BACKGROUND Diffuse panbronchiolitis (DPB), characterised by progressive sinobronchial sepsis, is well characterised in Japanese subjects but not in other ethnic groups. The experience with DPB in seven Chinese patients is described and the clinical profiles compared with those of Japanese subjects.

METHODS Seven Chinese patients (three women; mean (SD) age 48(18.6) years, all never smokers) who attended a teaching hospital centre and fulfilled the diagnostic criteria for DPB were assessed prospectively for clinical, radiological, lung function, microbiological, and other “characteristic” laboratory parameters.

RESULTS Lung function assessment showed a typical obstructive pattern (n = 5) and air trapping (n = 7).

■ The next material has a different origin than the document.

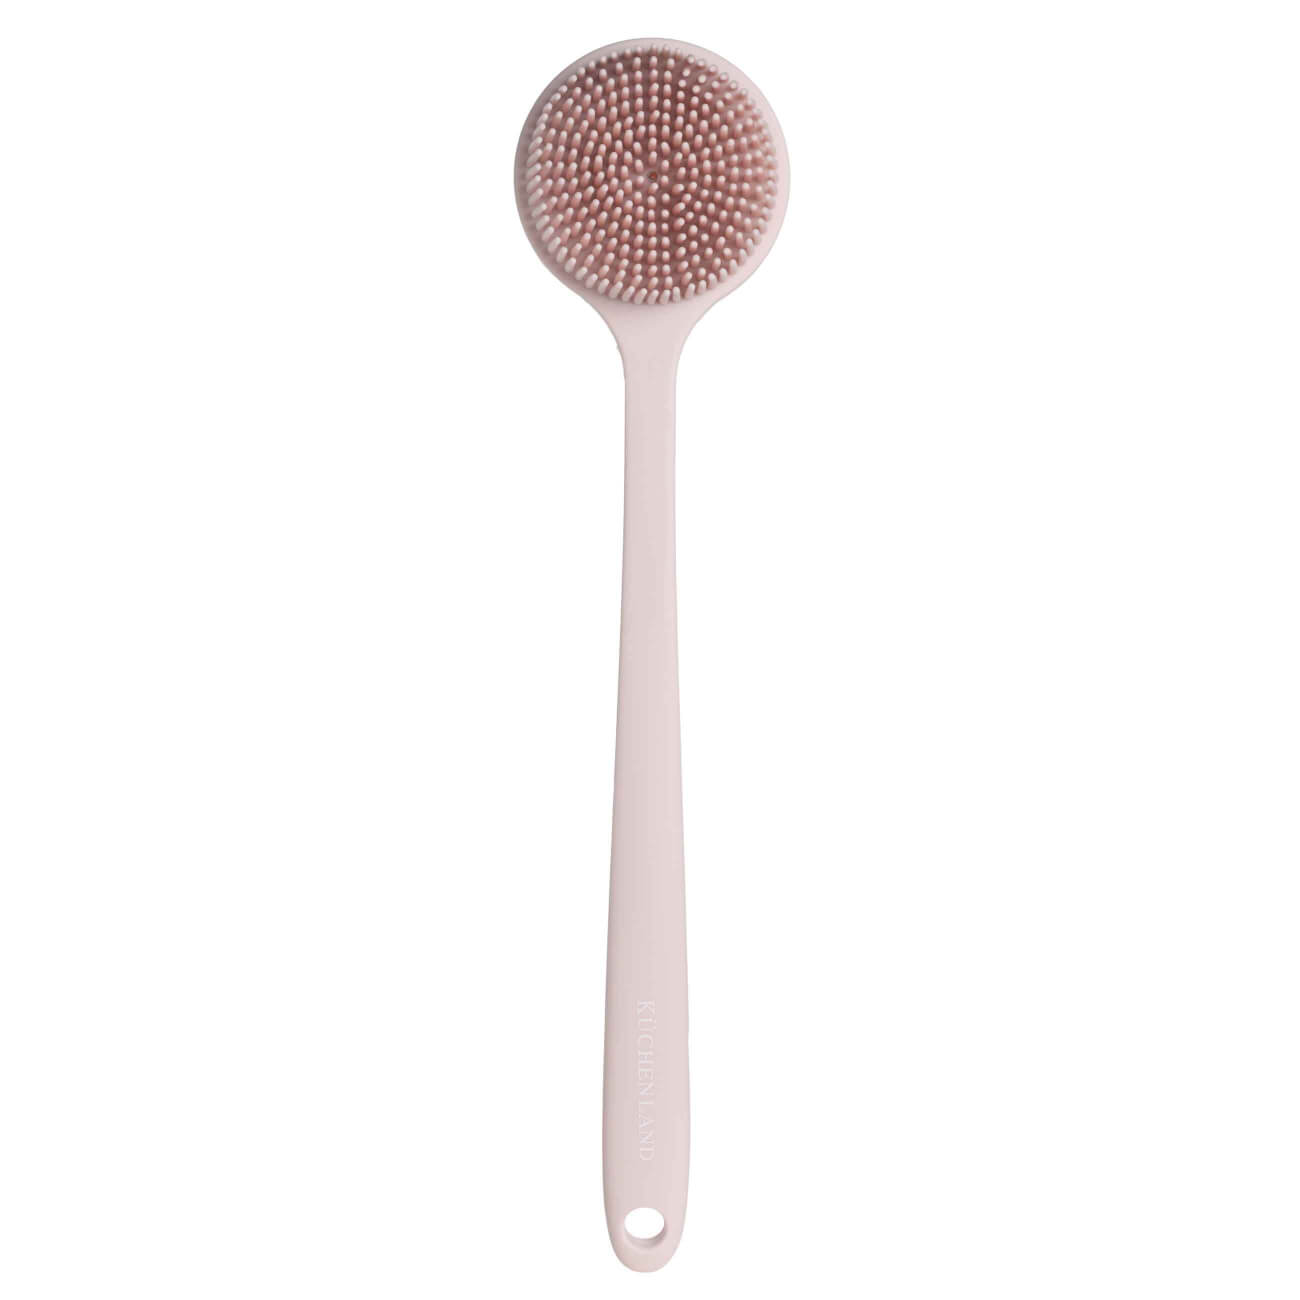 Щетка для мытья тела, 38 см, с ручкой, силикон, пудровая, Glamor щетка для мытья посуды mr brush
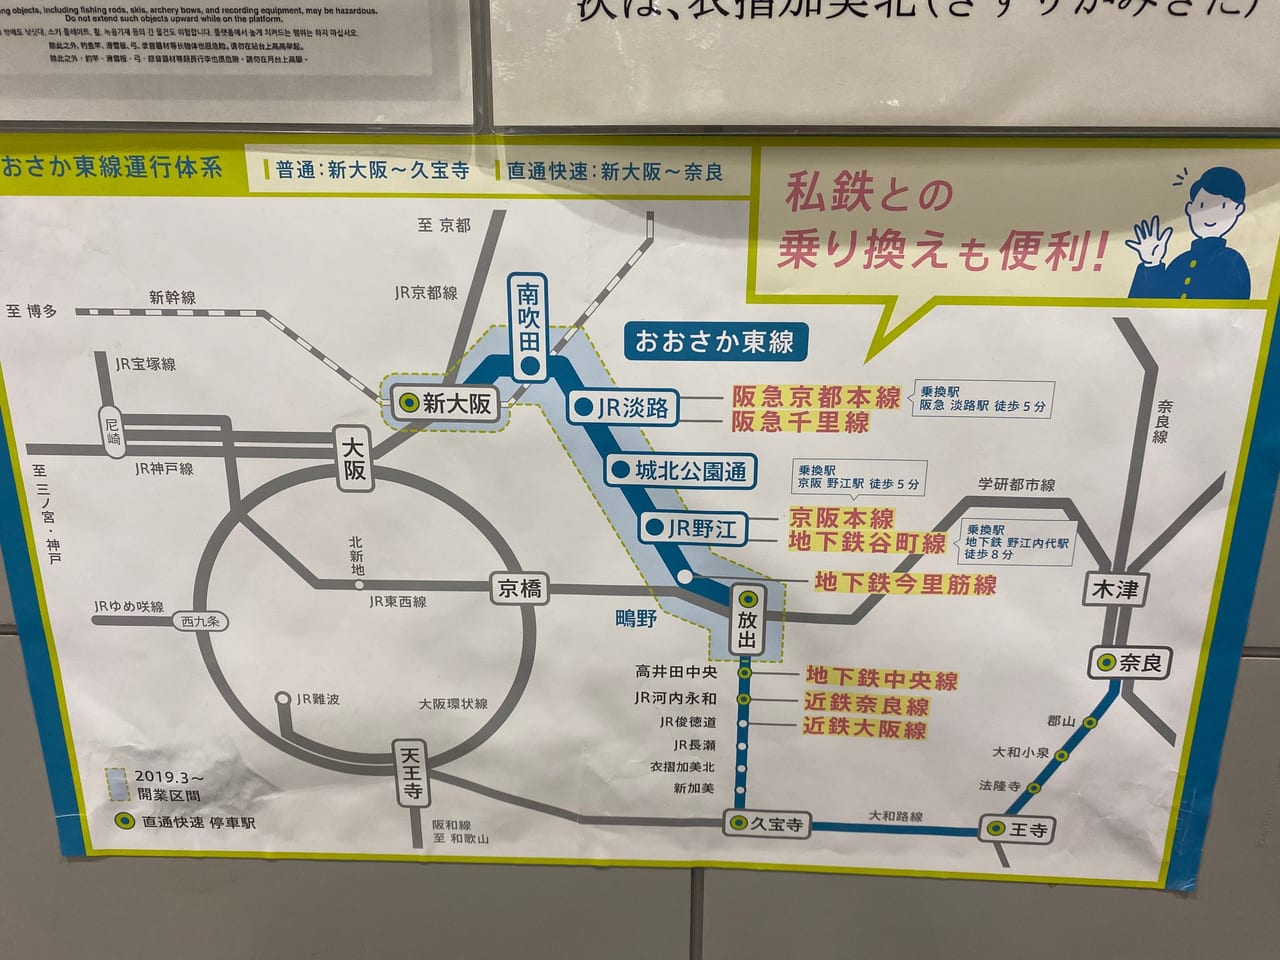 大阪東線運行体系

Typical bronchiolar infiltration by lymphocytes and plasma cells and accumulation of foamy macrophages in the intraluminal tissue were detected in open lung biopsy specimens (n = 2). Chest radiographs and high resolution computed tomographic scans revealed hyperinflation, diffuse nodules, bronchial thickening and dilatation, peripheral hypoattenuation, and bronchiolectasis. Radiological improvement, manifest as a reduction in nodular density and bronchial thickening, and persistence of other abnormalities such as air trapping were not accurately depicted by the classical Nakata or Akira classifications. The other “characteristic” features such as HLA-B54, IgG subclass deficiency, raised CD4/CD8 T lymphocyte ratio, cold haemagglutinaemia, raised IgA, IgG, and rheumatoid factor were not present. Treatment with erythromycin led to excellent responses in symptoms, lung function indices, and the radiological picture. A review of the non-Japanese cases in the literature reveals that this absence of typical “additional features” in DPB might also be applicable to non-Japanese patients.

CONCLUSIONS We report the only series of non-Japanese Mongoloid patients with well characterised DPB who had uncharacteristic investigation profiles. This experience should help other clinicians in the investigation and management of DPB in non-Japanese patients.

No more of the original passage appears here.